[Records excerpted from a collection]
..............................
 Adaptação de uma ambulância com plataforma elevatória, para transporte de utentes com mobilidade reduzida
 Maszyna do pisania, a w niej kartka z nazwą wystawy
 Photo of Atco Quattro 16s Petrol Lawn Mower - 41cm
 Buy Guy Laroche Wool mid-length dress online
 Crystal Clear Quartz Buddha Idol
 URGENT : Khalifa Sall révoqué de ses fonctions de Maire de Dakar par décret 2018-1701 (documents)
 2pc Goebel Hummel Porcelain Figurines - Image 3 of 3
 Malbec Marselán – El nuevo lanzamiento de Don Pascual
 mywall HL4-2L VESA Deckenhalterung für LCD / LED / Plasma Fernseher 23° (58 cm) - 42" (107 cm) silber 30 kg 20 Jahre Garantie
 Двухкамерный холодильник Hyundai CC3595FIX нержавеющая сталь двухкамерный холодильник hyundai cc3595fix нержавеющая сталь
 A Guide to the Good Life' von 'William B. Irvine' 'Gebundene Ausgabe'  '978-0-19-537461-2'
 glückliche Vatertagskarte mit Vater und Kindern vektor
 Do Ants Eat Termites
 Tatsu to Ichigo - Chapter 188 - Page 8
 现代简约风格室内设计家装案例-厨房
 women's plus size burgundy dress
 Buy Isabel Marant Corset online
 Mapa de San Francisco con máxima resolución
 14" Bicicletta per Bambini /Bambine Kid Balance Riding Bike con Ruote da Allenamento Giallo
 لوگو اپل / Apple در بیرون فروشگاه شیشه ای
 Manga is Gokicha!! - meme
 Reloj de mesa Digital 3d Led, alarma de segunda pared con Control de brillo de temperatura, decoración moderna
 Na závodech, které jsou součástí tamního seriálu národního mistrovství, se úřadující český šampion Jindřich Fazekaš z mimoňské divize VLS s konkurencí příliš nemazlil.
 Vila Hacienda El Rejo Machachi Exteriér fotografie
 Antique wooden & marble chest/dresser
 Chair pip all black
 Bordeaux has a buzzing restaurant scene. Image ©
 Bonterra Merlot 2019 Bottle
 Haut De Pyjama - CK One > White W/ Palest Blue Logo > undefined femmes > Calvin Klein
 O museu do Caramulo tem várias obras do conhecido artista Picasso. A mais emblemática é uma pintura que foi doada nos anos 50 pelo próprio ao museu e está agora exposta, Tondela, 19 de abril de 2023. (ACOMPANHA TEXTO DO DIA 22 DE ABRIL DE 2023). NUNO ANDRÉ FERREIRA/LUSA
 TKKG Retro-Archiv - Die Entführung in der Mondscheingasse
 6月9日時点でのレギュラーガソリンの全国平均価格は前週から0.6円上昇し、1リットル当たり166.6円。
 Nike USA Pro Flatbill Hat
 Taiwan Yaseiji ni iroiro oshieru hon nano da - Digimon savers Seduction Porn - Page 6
..............................
How to complete this task. Please repeat the records so that each one reads exactly as it does above.

Written answer.
 Adaptação de uma ambulância com plataforma elevatória, para transporte de utentes com mobilidade reduzida
 Maszyna do pisania, a w niej kartka z nazwą wystawy
 Photo of Atco Quattro 16s Petrol Lawn Mower - 41cm
 Buy Guy Laroche Wool mid-length dress online
 Crystal Clear Quartz Buddha Idol
 URGENT : Khalifa Sall révoqué de ses fonctions de Maire de Dakar par décret 2018-1701 (documents)
 2pc Goebel Hummel Porcelain Figurines - Image 3 of 3
 Malbec Marselán – El nuevo lanzamiento de Don Pascual
 mywall HL4-2L VESA Deckenhalterung für LCD / LED / Plasma Fernseher 23° (58 cm) - 42" (107 cm) silber 30 kg 20 Jahre Garantie
 Двухкамерный холодильник Hyundai CC3595FIX нержавеющая сталь двухкамерный холодильник hyundai cc3595fix нержавеющая сталь
 A Guide to the Good Life' von 'William B. Irvine' 'Gebundene Ausgabe'  '978-0-19-537461-2'
 glückliche Vatertagskarte mit Vater und Kindern vektor
 Do Ants Eat Termites
 Tatsu to Ichigo - Chapter 188 - Page 8
 现代简约风格室内设计家装案例-厨房
 women's plus size burgundy dress
 Buy Isabel Marant Corset online
 Mapa de San Francisco con máxima resolución
 14" Bicicletta per Bambini /Bambine Kid Balance Riding Bike con Ruote da Allenamento Giallo
 لوگو اپل / Apple در بیرون فروشگاه شیشه ای
 Manga is Gokicha!! - meme
 Reloj de mesa Digital 3d Led, alarma de segunda pared con Control de brillo de temperatura, decoración moderna
 Na závodech, které jsou součástí tamního seriálu národního mistrovství, se úřadující český šampion Jindřich Fazekaš z mimoňské divize VLS s konkurencí příliš nemazlil.
 Vila Hacienda El Rejo Machachi Exteriér fotografie
 Antique wooden & marble chest/dresser
 Chair pip all black
 Bordeaux has a buzzing restaurant scene. Image ©
 Bonterra Merlot 2019 Bottle
 Haut De Pyjama - CK One > White W/ Palest Blue Logo > undefined femmes > Calvin Klein
 O museu do Caramulo tem várias obras do conhecido artista Picasso. A mais emblemática é uma pintura que foi doada nos anos 50 pelo próprio ao museu e está agora exposta, Tondela, 19 de abril de 2023. (ACOMPANHA TEXTO DO DIA 22 DE ABRIL DE 2023). NUNO ANDRÉ FERREIRA/LUSA
 TKKG Retro-Archiv - Die Entführung in der Mondscheingasse
 6月9日時点でのレギュラーガソリンの全国平均価格は前週から0.6円上昇し、1リットル当たり166.6円。
 Nike USA Pro Flatbill Hat
 Taiwan Yaseiji ni iroiro oshieru hon nano da - Digimon savers Seduction Porn - Page 6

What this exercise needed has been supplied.